Bangui : Avis partagés sur le retrait des éléments de la Séléka de Damara
Bangui, 5 mars 2013 (RJDH) – Les avis de la population de la ville de Bangui sont divisés sur le retrait des éléments de la coalition Séléka, de la ville de Damara. Certains banguissois pensent que le retrait des rebelles est un gage pour le retour de la paix dans le pays, alors que d’autres pensent à un repli tactique. Ces propos ont été recueillis dans un micro trottoir fait ce matin par le RJDH.
« Nous ne sommes pas trop sûrs de ce qu’ils ont dit que c’est un acte de bonne volonté de pacifier le pays en se retirant de Damara. Si c’était un acte de bonne volonté, ils allaient accepter le cantonnement afin de libérer complètement les routes de l’intérieur du pays », a mentionné Innocent Samba, un habitant du quartier Boy-Rabe.
Pour Julius Mowaya, « rien ne garantit que le retrait des éléments de la Séléka de Damara est un gage pour le retour de la paix. Le groupe est déjà divisé et la ville de Sibut est moins 4 heures de route pour atteindre la capitale Bangui. En tout cas, les hostilités peuvent reprendre d’un moment à l’autre ».
Mais cette vision des choses n’est pas partagée par tous les centrafricains. Désiré Nguerekane, agent de l’Etat pense pour lui que « ce retrait de Damara est un pas pour la paix. Les rebelles étaient très décidés au départ à faire chuter le régime en place. Si aujourd’hui ils ont fait un retrait et se trouve désormais à une centaine de kilomètres de Bangui, c’est que le gouvernement doit également faire de son mieux pour respecter les conditions posées par les rebelles ».

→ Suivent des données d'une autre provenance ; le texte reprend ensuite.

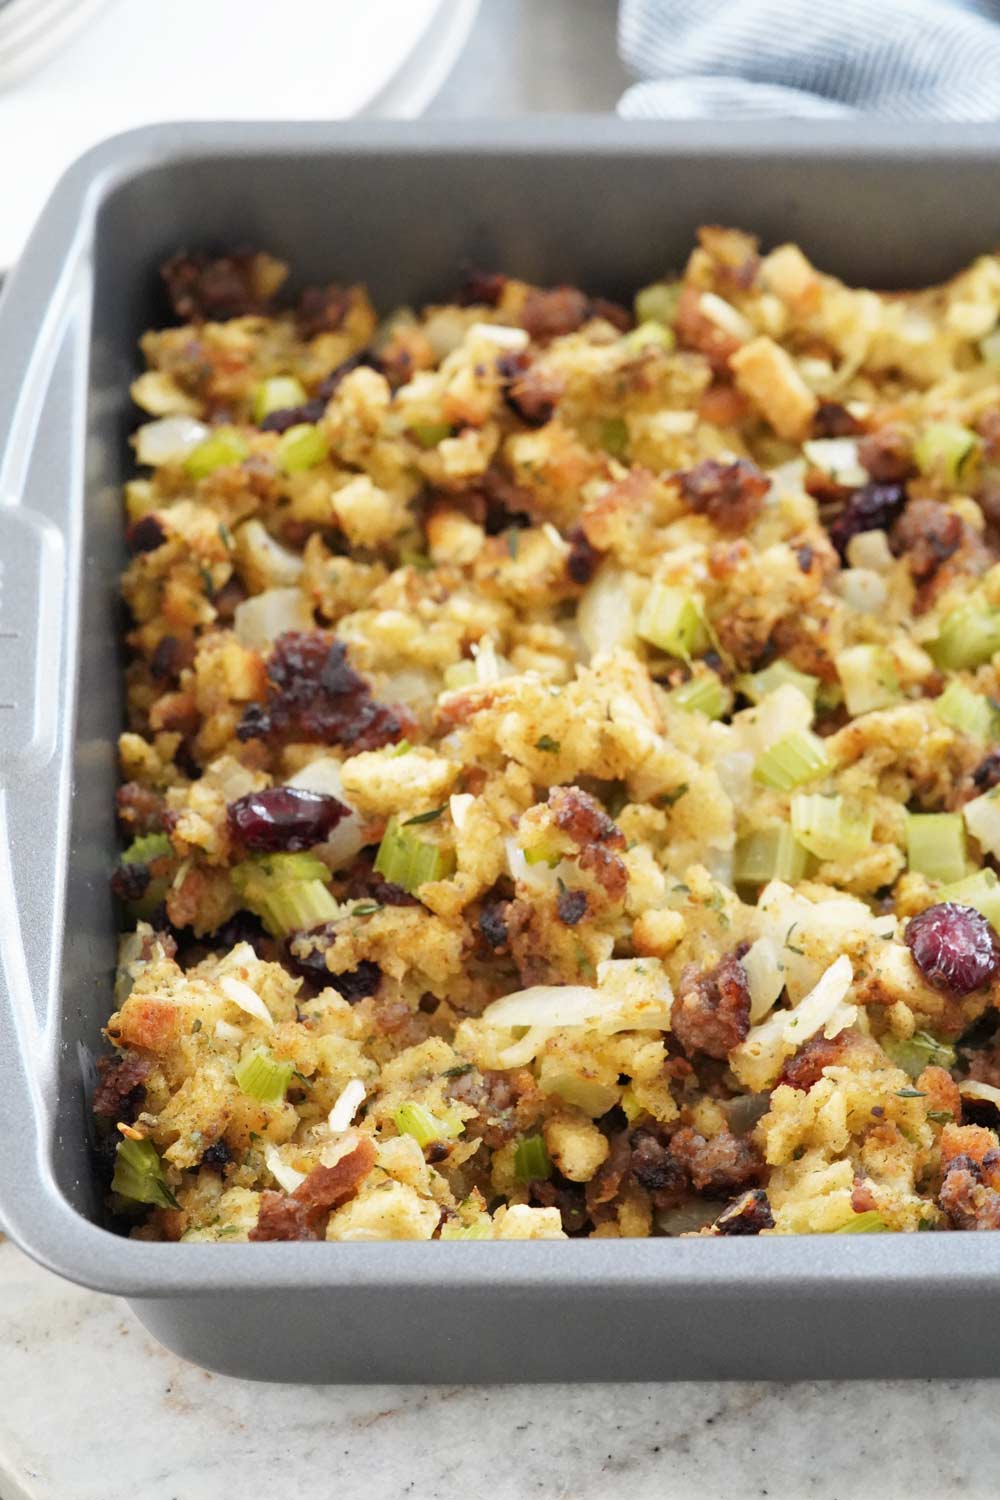 Smoked stuffing with sausage in a casserole dish.

Les rebelles de la Séléka ont justifié ce refus de cantonnement par la non-application de certains points des accords de Libreville. Ils veulent d’abord obtenir la libération des prisonniers politiques et le rapatriement des troupes sud-africaines du pays, avant d’accepter d’être cantonnés.

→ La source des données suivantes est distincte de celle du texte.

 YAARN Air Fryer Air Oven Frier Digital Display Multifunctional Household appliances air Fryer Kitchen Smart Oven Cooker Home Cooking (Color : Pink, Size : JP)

Pendant ce temps dans la ville de Damara, la vie tarde toujours à revenir à la normale. Les activités socioéconomiques restent toujours paralysées. Les personnes qui avaient quitté la ville pour se refugier dans la brousse hésitent encore à regagner leur domicile. « Ils craignent que les rebelles retournent à nouveau dans la ville », a témoigné Abdoul Issaka, un habitant de Damara, joint ce matin au téléphone par le RJDH.
Difficile d’avoir des informations de la ville de Sibut, car les réseaux téléphoniques restent toujours coupés. Une habitante de la ville qui a réussi à regagner la ville de Damara, a témoigné que depuis l’arrivée des rebelles le dimanche dernier, plusieurs personnes ont du quitter la ville pour se réfugier dans la brousse. « Les gens pensent que les rebelles vont reprendre les exactions sur la population, mais les rebelles ont rassuré qu’ils ne vont plus toucher aux civiles », a mentionné la source.
En outre des deux conditions fixées par les membres de la Séléka, ils veulent à ce que quatre autres sites soient complétés sur les trois choisis actuellement pour leur cantonnement. En dehors des villes de Bria, Kaga-Bandoro et Ndélé fixées par la force multinationale, les rebelles en ajoutent celles de Sibut, de Bambari, de Sam-Ouandja et de Kongbo, à cause de leur effectif pléthorique.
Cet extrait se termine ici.